Interfacial Dynamics and Mechanical Properties of Substrate-Supported [c2]Daisy Chain Networks

Mechanically interlocked networks (MINs) comprise molecular components linked through mechanical bonds, imposing topological constraints that prevent fragment separation. Despite extensive experimental works on this intriguing material, theoretical investigations remain limited. Herein, we employ coarse-grained molecular dynamics simulations to explore the structure, interfacial dynamics, ring sliding, and mechanical properties of substrate-supported MINs thin films composed of [c2]daisy chains, where the effects of potential sliding distances (n), cross-linking degree (c), interfacial cohesive strength (ϵ_ps), and temperatures (T) are systematically explored. Our results show that stronger dynamic confinement occurs near the substrate with increasing ϵ_ps, particularly at lower T. Conversely, lower ϵ_ps (≤0.5) enhances the dynamics of the [c2]daisy chain near the substrate, resembling free-surface behavior. Interestingly, ring molecules display slower dynamics than axle chains, whose mobility strongly depends on proximity to the binding site, consistent with previous experimental studies. Conformational behavior remains largely unaffected by variations in ϵ_ps, T, and c, while an increase in n slightly enhances chain dynamics, increasing the radius of gyration (R_g). Pull-out tests reveal three stages in explaining the ring sliding mechanism.
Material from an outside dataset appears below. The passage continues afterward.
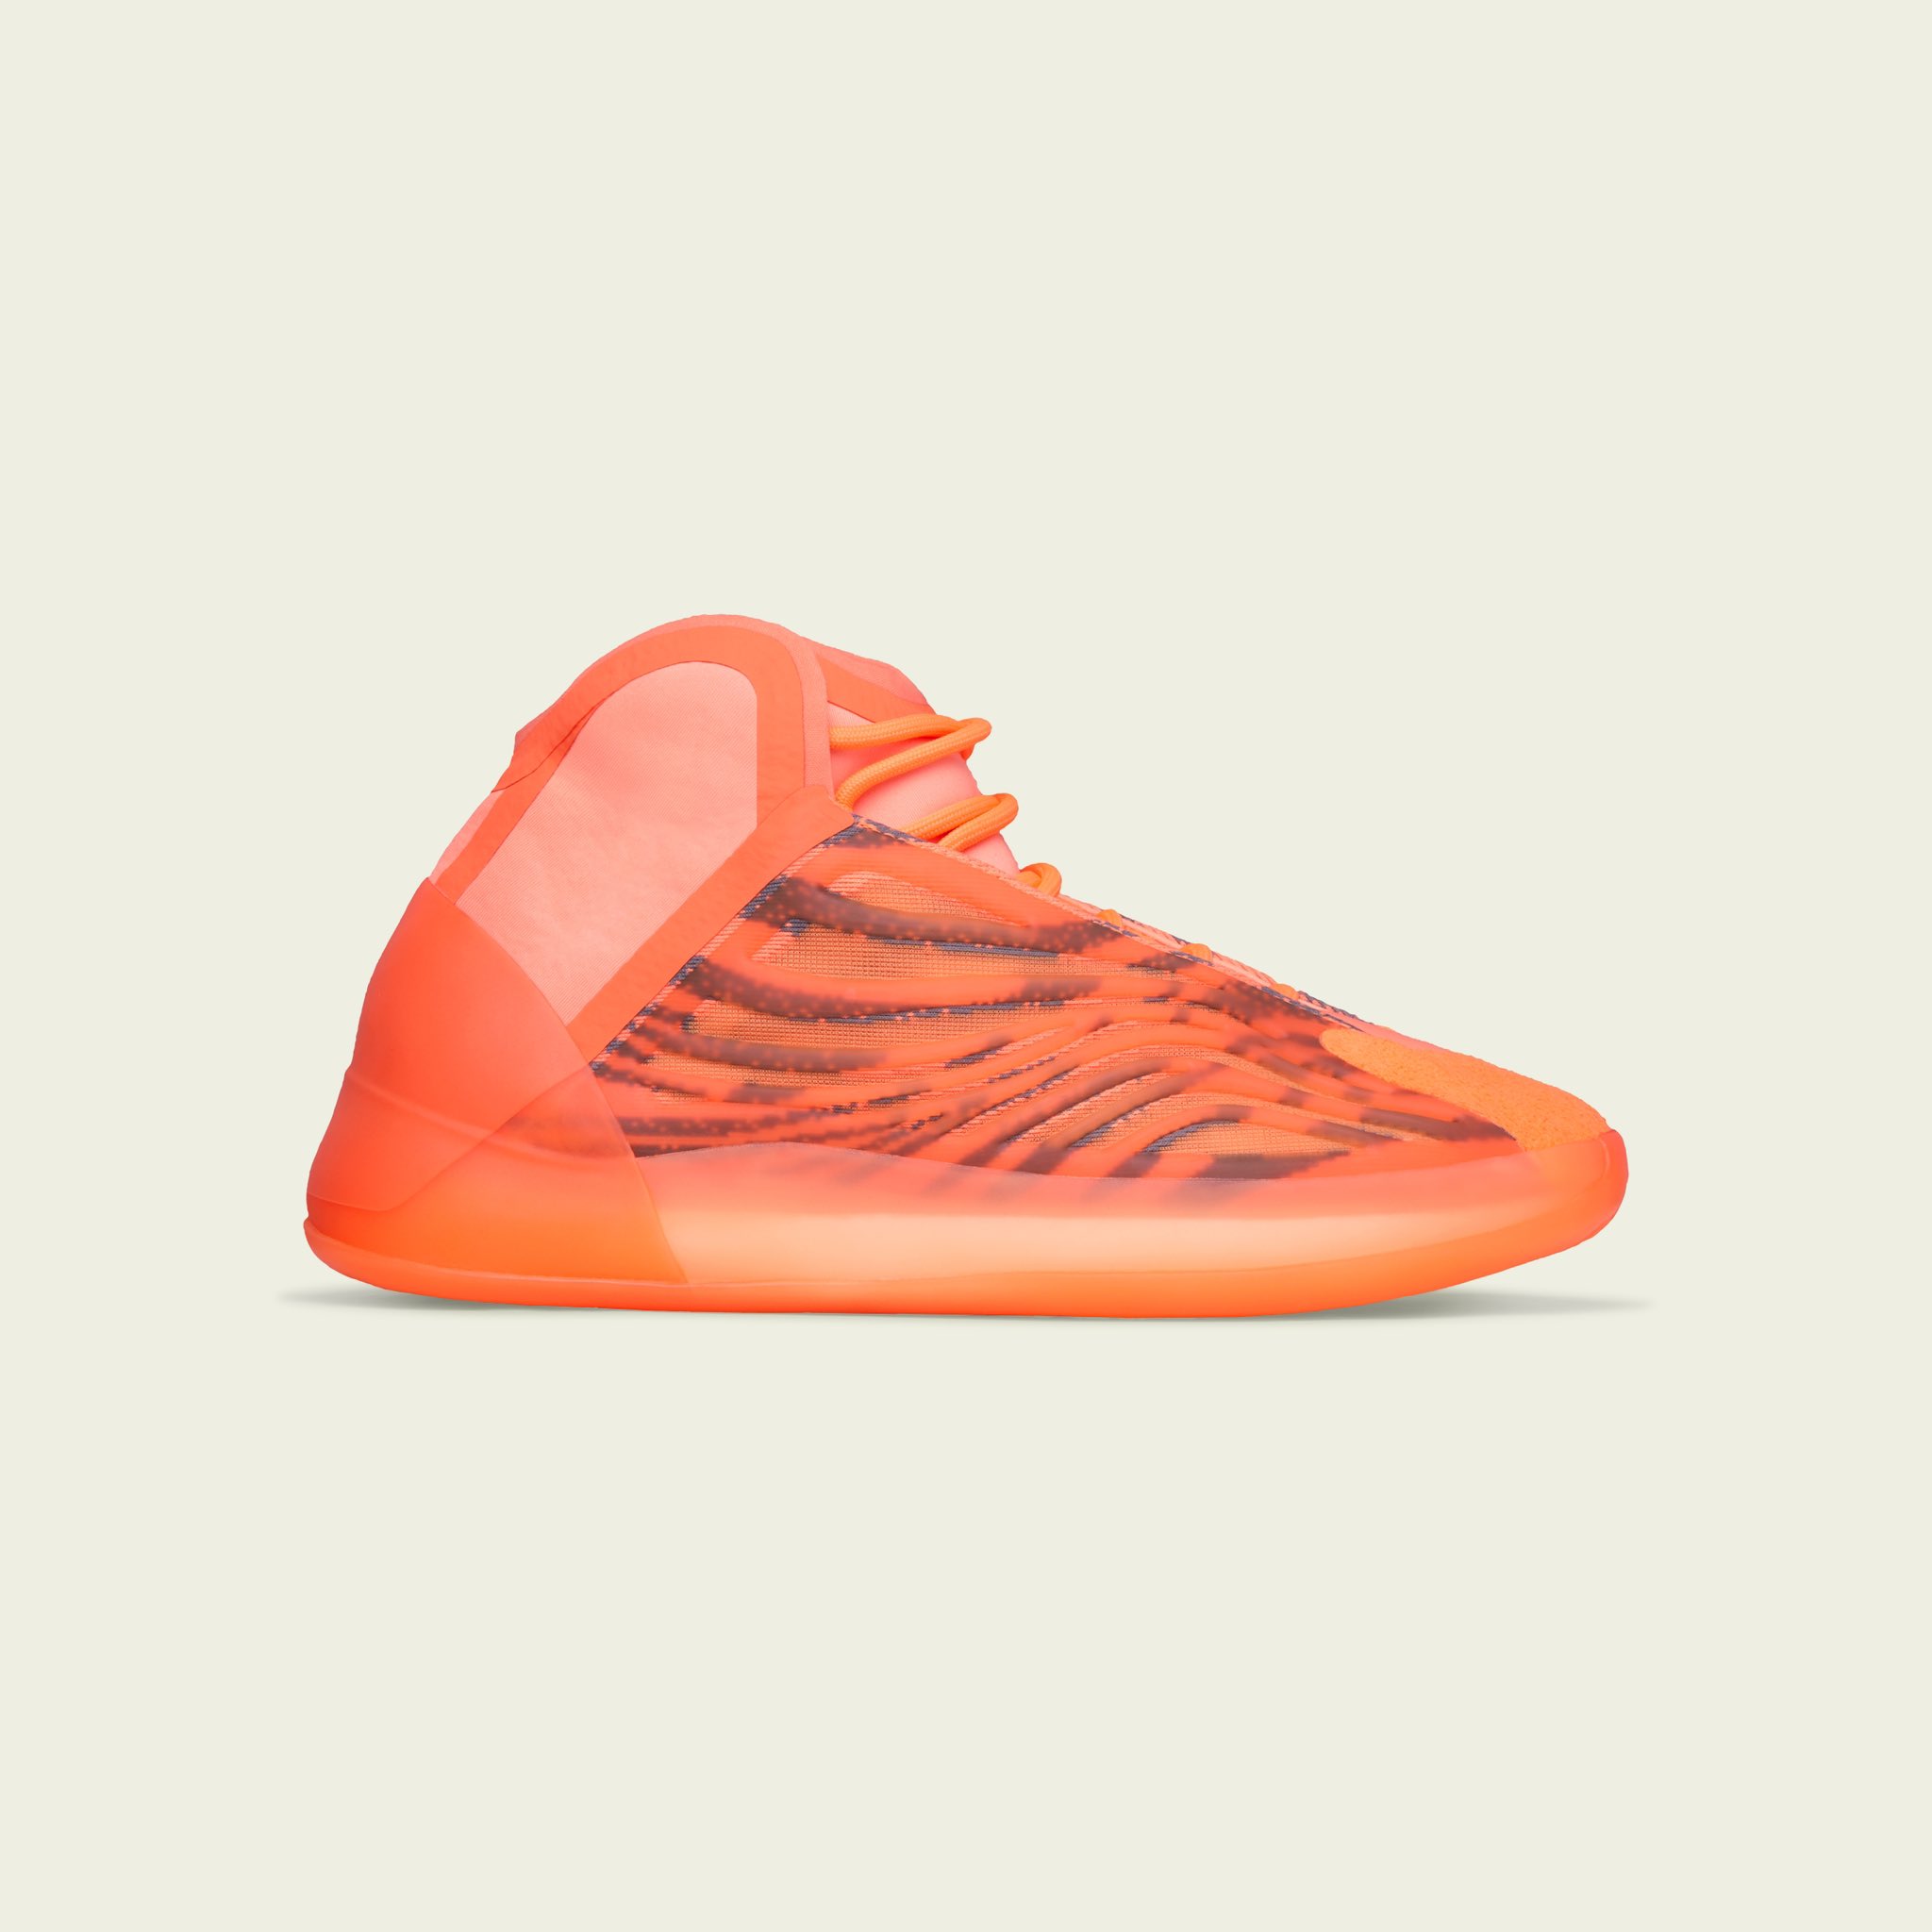 KicksFinder on Twitter: "OFFICIAL IMAGES: adidas Yeezy QNTM "Hi-Res Orange"  🍊 🗓️ 2023 📝 GW5308 💰 $250 USD 📸 @brandon1an 💵COP OR 🚮DROP?  https://t.co/sE73rCu0Il" / X

Initially, the ring tilts on the axle under tension without dissociation due to strong binding interactions. Subsequently, the ring dissociates from the binding site, leading to a rapid increase in sliding distance. Finally, the sliding distance reaches a plateau that matches the n value of the model. The durations of the latter two stages are significantly influenced by c. Higher c promotes crazing fiber formation, triggering an earlier onset of the second sliding stage, and increasing plateau stress during pull-out. These findings offer molecular-level insights into [c2]daisy chain MIN behavior, providing a foundation for future research on diverse MIN architectures and their applications in smart and adaptive materials.